Fenerbahçe’ye karşı ilk baştaki asil tutumunu sürdürebilseydi Galatasaray...
“Avrupa’ya gidemeyeceğiz” diye ortalığı velveleye vermeyip TFF’ye, Erzik’e, işin başındakilere biraz olsun güvenebilseydi...
Ve sözleşmeye göre zaten Beşiktaş’a izin vermesi gereken Arena için yönetimdeki şahinlere teslim olup tersleneceğine, biraz centilmen davranabilseydi...
(Bu arada, Beşiktaş devletin üst kademelerinden torpil arayacağına tesislerden sorumlu danışman yaptığı Vedat Bayram’a sorsun prosedürü ve elini kolunu sallayarak gitsin Arena’ya) Gelecek sezon daha mı dostane geçerdi, yoksa Bolu’da Fenerbahçelilerin saldırdığı Galatasaraylı genç bayan voleybolcular ile “erken sinyal veren” rezaletlere mi gebe olurdu yine?

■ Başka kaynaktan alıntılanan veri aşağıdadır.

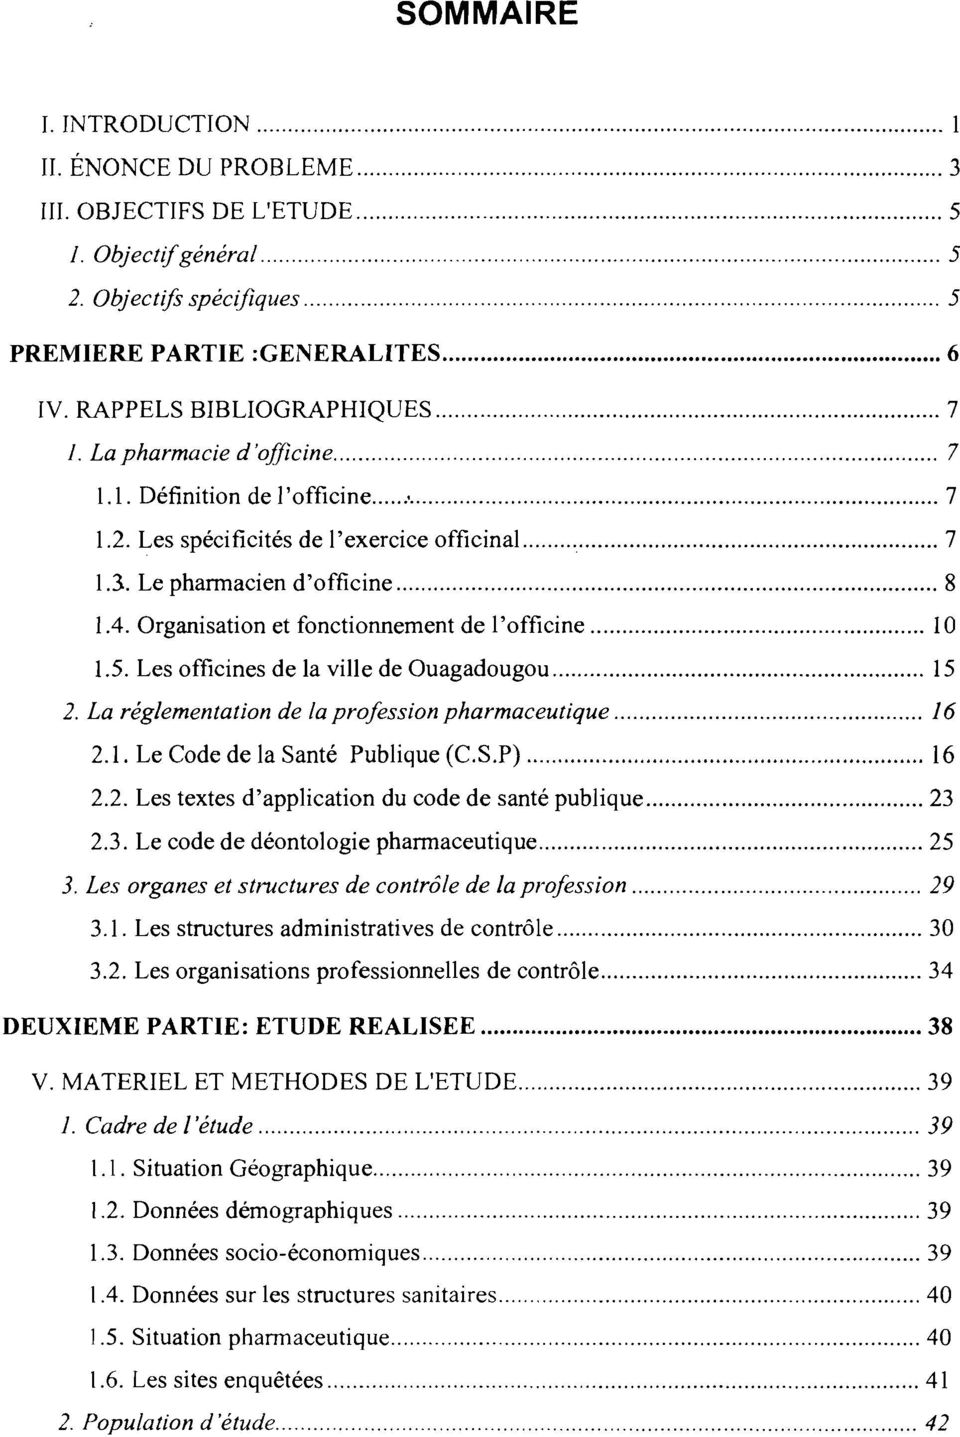 Les officines de la ville de Ouagadougou 15 2. La réglementation de la profession pharmaceutique 16 2.1. Le Code de la Santé Publique (C.S.P) 16 2.2. Les textes d'application du code de santé publique 23 2.

“İki dinleyip bir susmayı” Afrikalı ev kadınına bile öğretip Türkçe söyleten bu necip Türk Milleti, sadece “futbol yöneticisi” denilen meslek erbabına benimsetemedi örflerimizi, empatiyi, centilmenliği!..
Klişe olmuş; “Futbolcu ayaklarıyla konuşur” lafı... Peki yönetici neresiyle konuşur? Karnıyla mı? Hayır...
Kararlarıyla.
Aynı olaya yönetimden hem “ak” hem “kara” yorumlar yükselmeden önce kulübünün çıkarları, sonra kulübün de bir parçası olduğu memleket futbolunun çıkarlarını hesaplar, özveri dengesini kurar, kararını verir. Sonuna kadar da arkasında durur direnir. Önünü arkasını hesaplamadan konuşmak değil ki kulüp yöneticiliği...
Örnekleri her kulüpte var. Bu sütunlarda yıllarca Aziz Yıldırım’ı eleştirdik “geriyorsun” diye. Ama geçen sezon itibarıyla aktör değişti... Adı Galatasaray.
Araya Euro 2012 girmese herkesi karşısına alan Galatasaray, çok ciddi iç ve dış hesaplaşmaya muhatap olacaktı; başka bir bahara kaldı.